The U.S. Supreme Court case of Muldrow, its progeny, and whether a PIP is now “harm”
Employees tend to view a Performance Improvement Plan (“PIP”) as code for “pack your bags.” PIP’s tend to be viewed as the Human Resource Department building a file against an employee and not as a way for the employee to keep his or her job.
At least, that was the word on the street until the case of Walsh v. HNTB Corp., 708 F. Supp. 3d 92, 2023 U.S. Dist. LEXIS 227384, was issued. Walsh is an early look at how federal courts are interpreting Muldrow v. City of St. Louis, 601 U.S. 346, 144 S. Ct. 967, 218 L. Ed. 2d 322, 2024 U.S. LEXIS 1816, 30 Fla. L. Weekly Fed. S 119.
Let’s take a quick step back. Muldrow is a Supreme Court opinion from 2024, wherein the SCOTUS established a new standard for discrimination claims under Title VII. Where the old standard required an employee prove that they suffered “significant” harm as a result of alleged discrimination or harassment, the Muldrow standard merely requires that an employee prove that an employer’s discriminatory conduct made the terms and conditions of their employment worse than before.
In plain English, the Muldrow standard made discrimination easier to prove for employees, as the standard decreased from “significant harm” to just “harm.” Since Muldrow, legal scholars and public policy wonks alike have been eagerly awaiting the first progeny of cases to find out just how relaxed this new “harm” standard would really be. Would the “chicken-littles” be right – would Muldrow usher in a new era of lay-up discrimination claims that would devastate the employment landscape of America?
We’re not too proud to admit we were holding our breath ourselves, but we’re here from the other side, and we’re happy to report that that the sky isn’t falling after all. With Walsh, we have proof that Title VII still has appreciable evidentiary standards, even after Muldrow.
Which brings us back to where we started: PIP’s.
In Walsh, the plaintiff filed suit under Title VII alleging, among other things, age discrimination. The plaintiff’s theory was shaky from the start, because while the plaintiff (age 55) was indeed replaced by a “younger” employee, that employee was 53-years-old. Moreover, the plaintiff wasn’t even fired” per se, but instead argued for constructive termination. The plaintiff forged ahead with litigation nonetheless, thanks to what she believed to be her “smoking gun” evidence: roughly one entire year prior to her alleged constructive termination, the plaintiff was placed on a PIP by her employer. GASP!
The plaintiff’s putative ace-in-the-hole was that, after a series of negative performance reviews, she was placed on a PIP. Ninety days later, she was congratulated on her successful completion of the PIP, and returned to her previous position and rate of pay. And… that’s it. That’s the “discrimination.”

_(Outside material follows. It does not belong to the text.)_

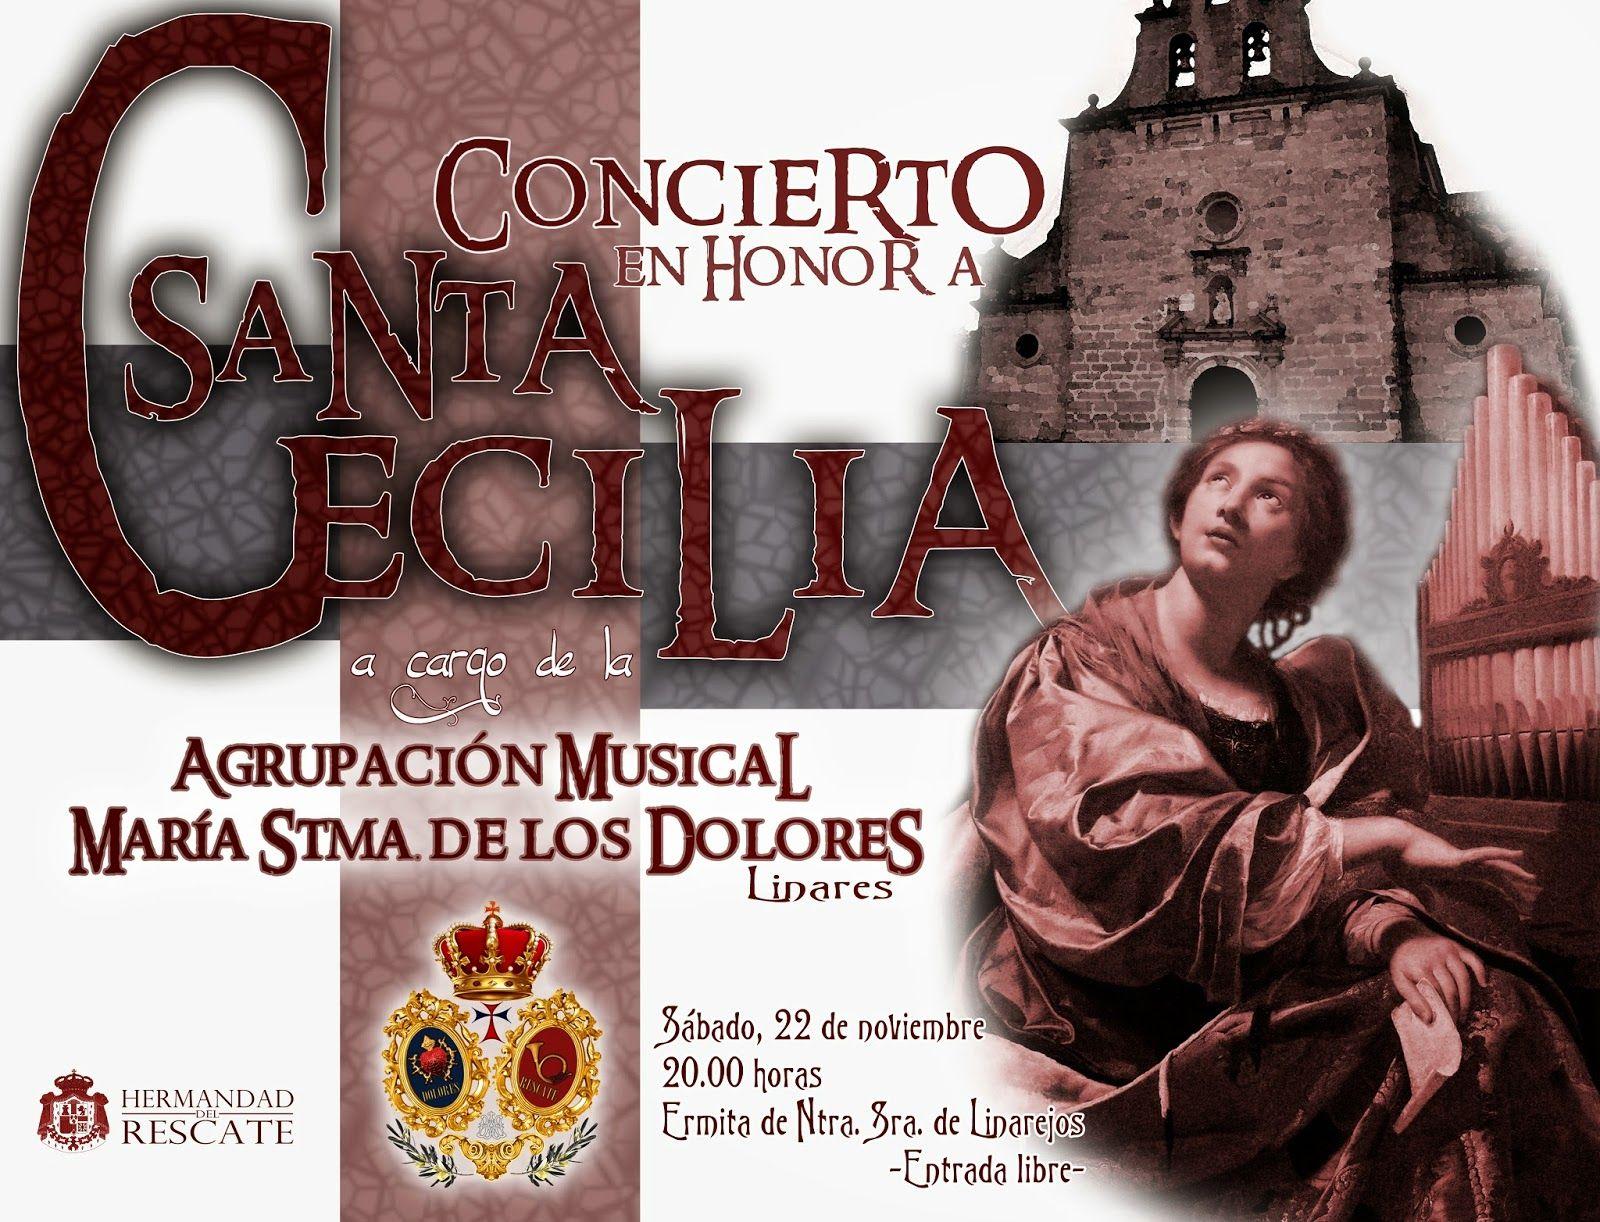 Concierto de Santa Cecilia de la Agrupación Musical María Stma. de los Dolores

Now, you’re probably thinking that this case never had a chance in the first place, right? Well, if common sense dictated American jurisprudence, you’d be right (and we’d be out of a job!). But under this new Muldrow regime, the plaintiff’s attorneys apparently figured it was worth a shot, and who could blame them? Under Muldrow, who’s to say that the inconvenience and humiliation of a PIP didn’t constitute “harm?” United States District Judge Nathaniel M. Gorton, as it turns out.
Judge Gorton wrote “[T]he evidence establishes that plaintiff's remedial PIP period ended more than 10 months before she resigned. The lapse of time between the bulk of the disparaging comments made to her and the date of her resignation seriously impairs her claim. That plaintiff successfully completed the remedial process with her job intact also suggests that her job security was not immediately threatened.” After some additional cursory analysis, the Court granted the defendant’s Motion for Summary Judgement.
So, what does Walsh mean for you and for your business? Nothing but good news! First, it means that Muldrow has not opened the door for previously frivolous claims, as we initially feared. And second, it means that we now have caselaw firmly and explicitly stating that PIP’s are not intrinsically “harmful,” nor “adverse workplace actions” per se. Now, that’s not to say that a PIP could never be a pretext for an unlawful termination, but Walsh does definitively reject the notion that a PIP – in and of itself – is in any way discriminatory.
At the Sensenig Law Firm, we believe an employee should never be surprised that their performance is lacking. A PIP gives the employee an opportunity to learn what needs to be corrected. Employees don’t always take criticism in a positive way and many start job searching immediately, but if they don’t belong with you, the end result of a poorly performing employee leaving on their own accord is a good thing.